Growth curves of E. chrysanthemi strain 3937 in MBMA at different pHs: ♦, pH 7.0; ▪, pH 6.5; •, pH 6.0; ○, pH 5.5; □, pH 5.0; ⋄, pH 4.5; ▴, pH 4.0; ▵, pH 3.5; *, pH 3.0. Results show the means of three replicates. Standard error bars are too small to be represented.

Also, we investigated the survival of wild-type and phoP and phoQ mutant strains after acid treatment, performing lethality assays as indicated in Material and Methods. Differences between the wild type and phoP and phoQ mutants were found at several pHs (Fig. 3). At pH 3.5, the difference between the wild type and phoQ mutant was 4 orders of magnitude.

FIG. 3.

FIG. 3.

Survival at different pHs of E. chrysanthemi 3937 wild-type (empty bars), phoP (diagonally striped bars), and phoQ (dotted bars) strains. Each strain (104 CFU) was incubated for 4 h at the indicated pH at 28°C, and the appropriate dilutions were plated onto NB agar plates. Results show the means and standard errors of three replicates.

Virulence and enzymatic assays.

To investigate the possible effect on virulence of the phoP and phoQ mutations, chicory leaves were inoculated with E. chrysanthemi 3937 and phoP and phoQ strains. Since it is known that magnesium levels affect the PhoP-PhoQ system, we decided to perform the inoculations at high and low magnesium concentrations. Necrotic areas of the developed lesions were measured after 32 h. At high magnesium concentrations, statistically significant differences were found only between the wild-type and phoQ mutant strains (Table 2). In contrast, the virulence tests performed at low magnesium concentrations showed that both mutants were significantly less virulent than the wild-type strain. The necrotic areas produced by the phoP and phoQ mutants were 33 and 41%, respectively, of that of the wild type.

TABLE 2.

Effects of Δ(phoP)::Tn7 and Δ(phoO)::Tn7 mutations on the virulence of E. chrysanthemi 3937 on witloof chicory leaves at high and low Mg2+ concentrations

Strain MgCl2 concn Size of lesion (cm2) (mean ± SE)a
3937 (wild type) 10 mM 1.75 ± 0.03
BT123 (phoP) 10 mM 1.20 ± 0.11b
3937 (wild type) 10 mM 2.64 ± 0.17
BT124 (phoQ) 10 mM 1.71 ± 0.10c
3937 (wild type) 10 μM 1.16 ± 0.17
BT123 (phoP) 10 μM 0.39 ± 0.03c
3937 (wild type) 10 μM 1.23 ± 0.16
BT124 (phoQ) 10 μM 0.50 ± 0.04c
a

Values are the products of the length and width of the necrotic area.

b

Differences between wild-type and mutant strains are not significant according to the Student t test (P < 0.05).

c

Differences between wild-type and mutant strains are significant according to the Student t test (P < 0.05).

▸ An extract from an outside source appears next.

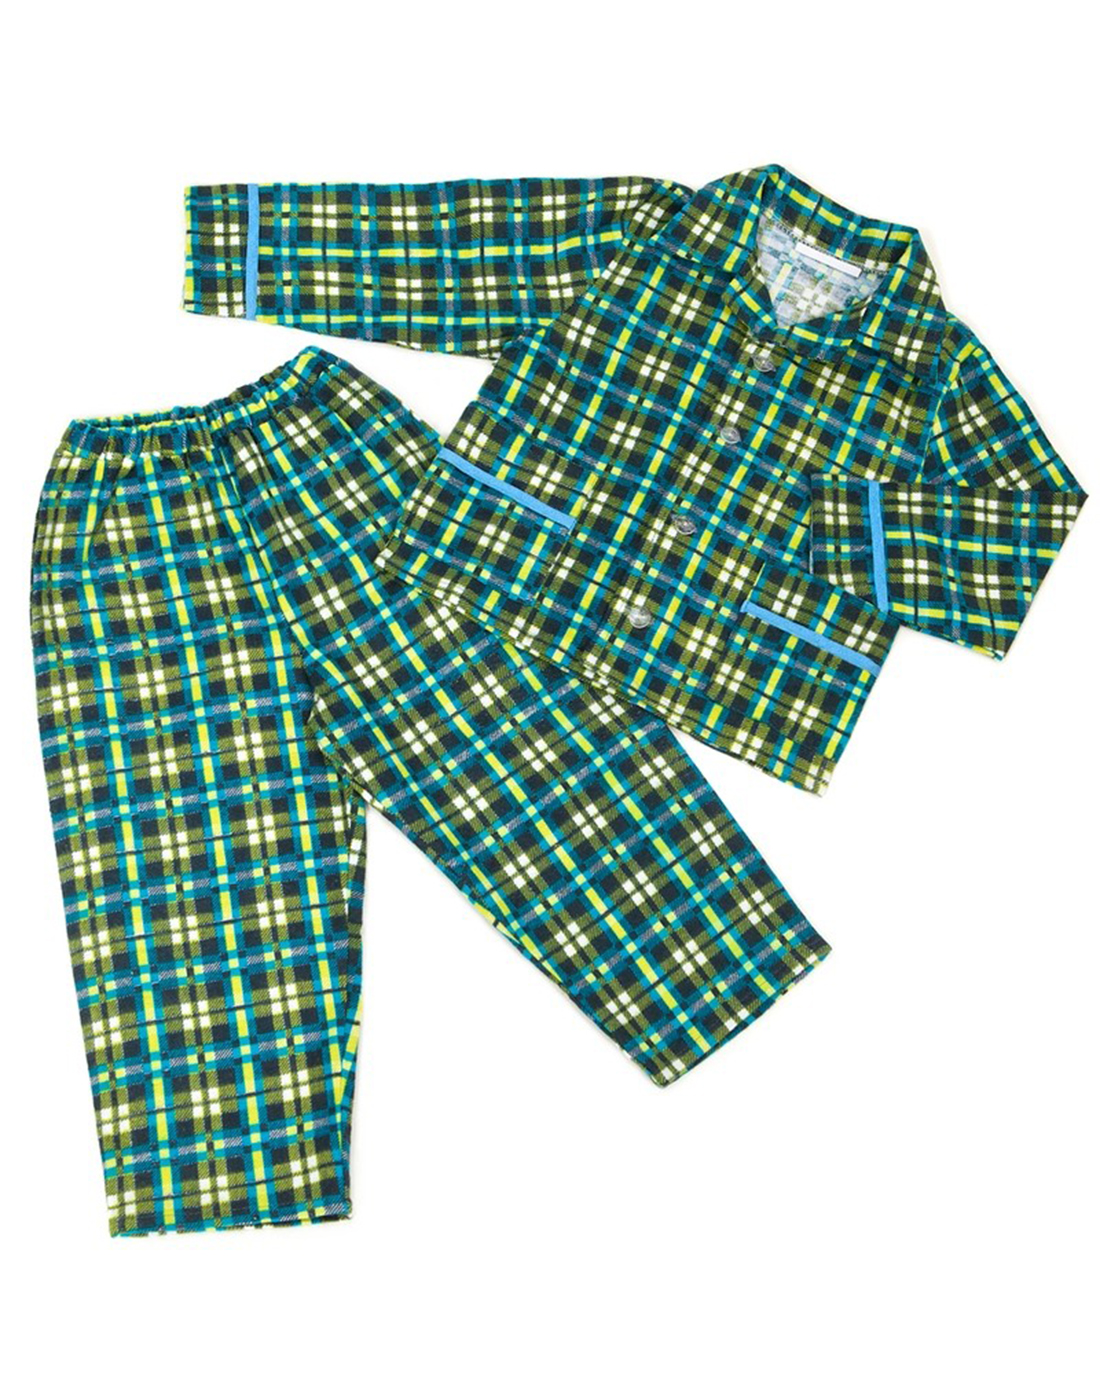 Пижама фланелевая для мальчика (арт. ПЖФЛ-001)

The bacterial populations attained in plant tissues by the wild-type and mutant strains were estimated. In a high magnesium (10 mM) concentration, the bacterial population of phoP was 78.5% of that of the wild type and that of phoQ was 86.6%. In a low magnesium (10 μM) concentration, the populations of phoP and phoQ were 35.3 and 56.3%, respectively. In general, there is a good agreement between the level of growth in planta and the virulence of the different strains (Table 2).

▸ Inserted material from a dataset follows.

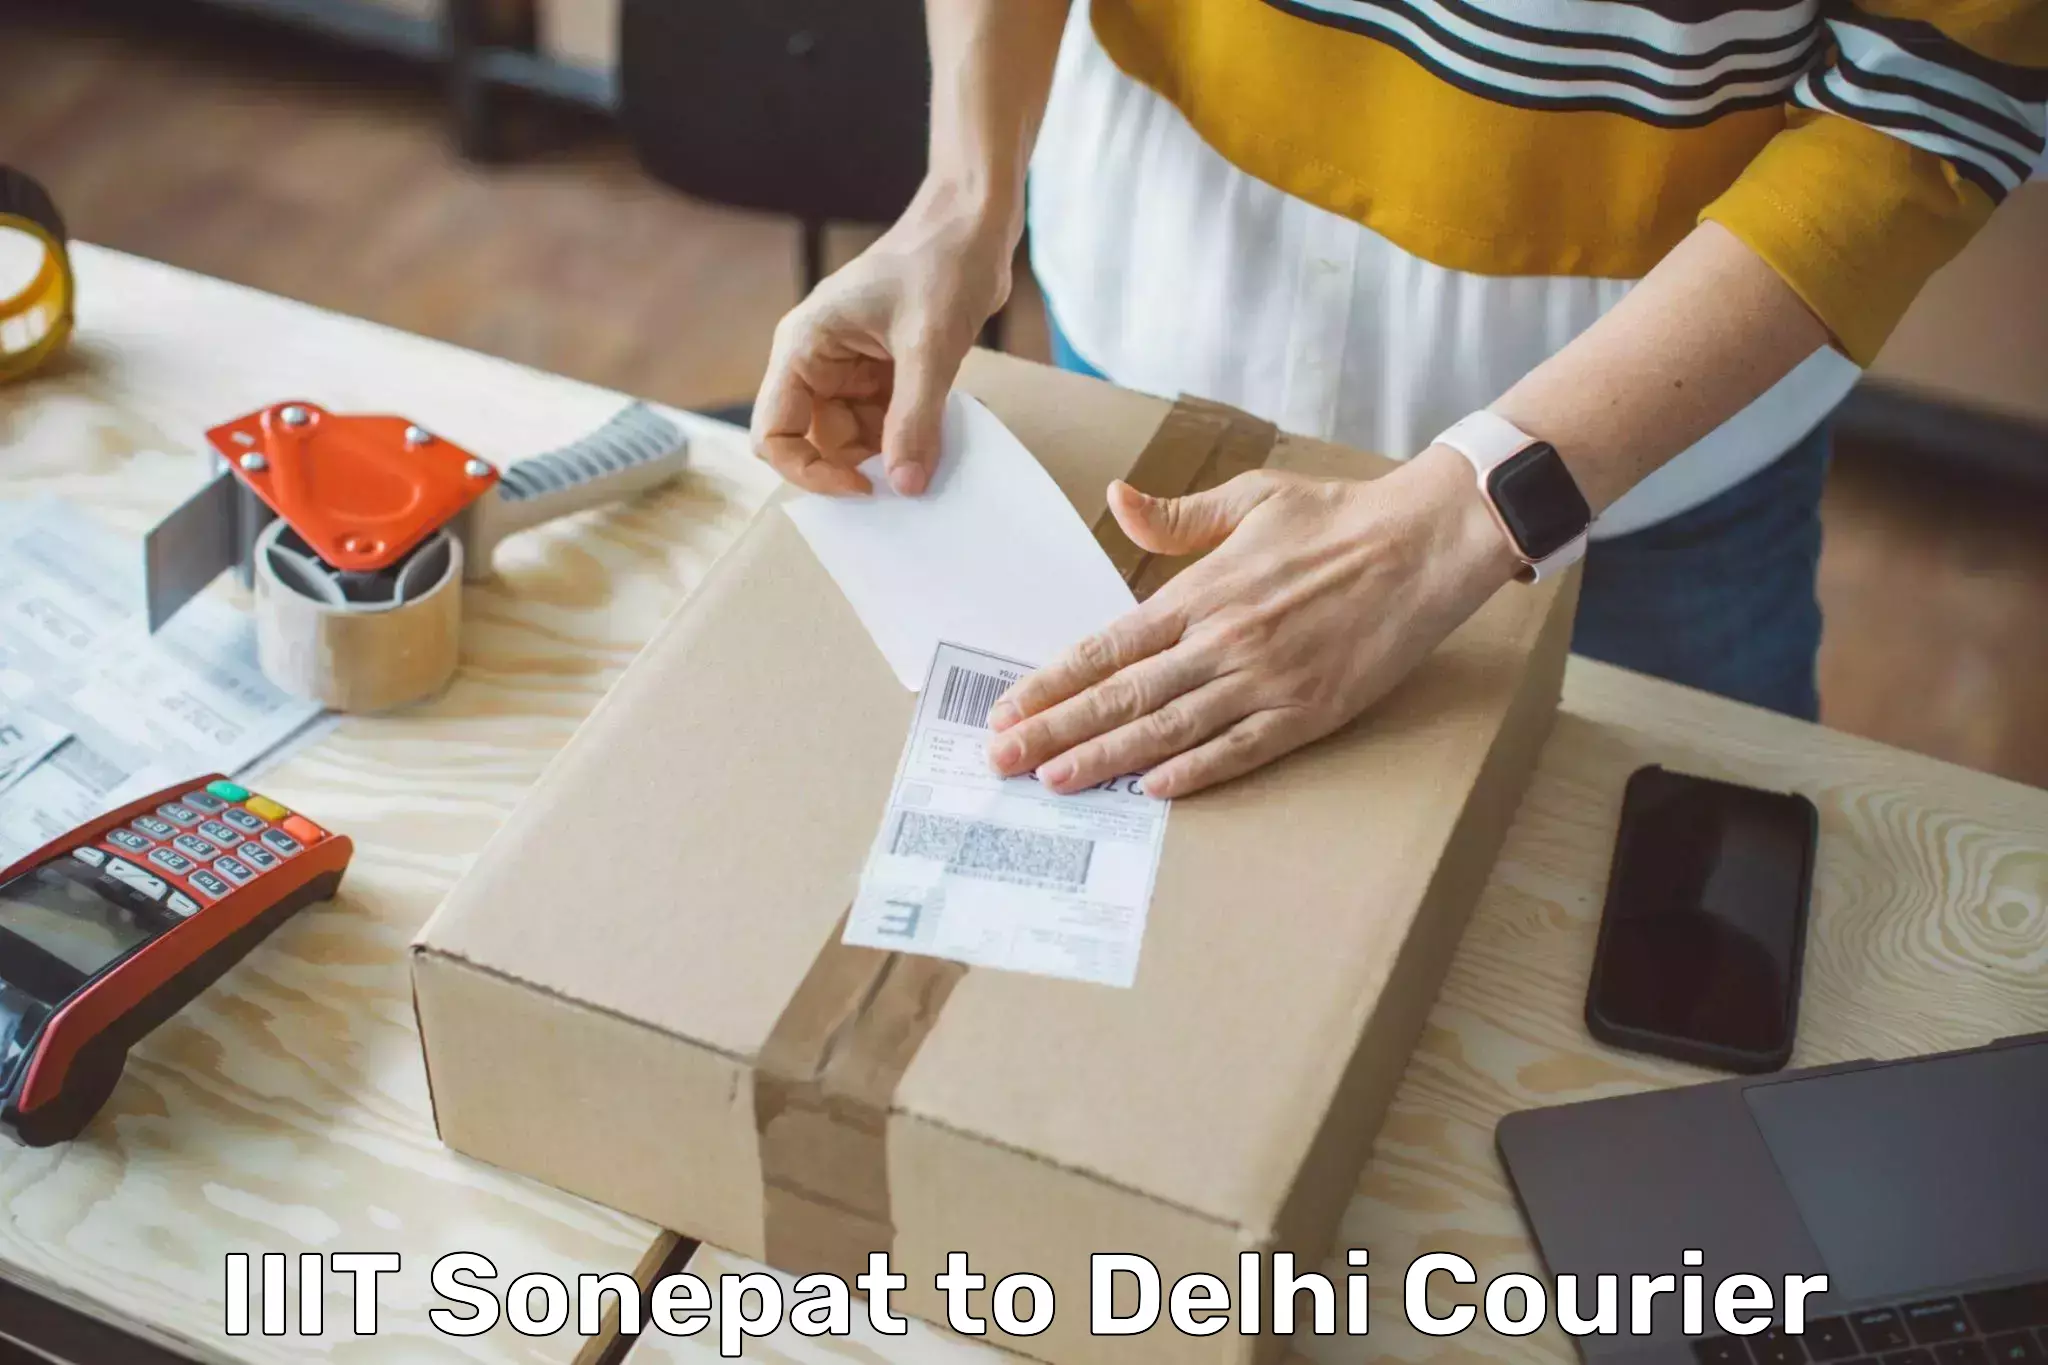 Modern delivery technologies IIIT Sonepat to IIT Delhi

To study the possible role of the phoP-phoQ operon in the production of extracellular pectate lyase, this activity was analyzed in planta. The pectate lyase activity was reduced in the phoP and phoQ mutants. It was found that relative enzymatic activity of the mutants, expressed as the percentage of activity attained in the spectrophotometric assay with respect to that of the wild type, was 4.65 and 8.95% for phoP and phoQ, respectively. These results were the means of three replicates, and the standard error was less than 10% of the mean value.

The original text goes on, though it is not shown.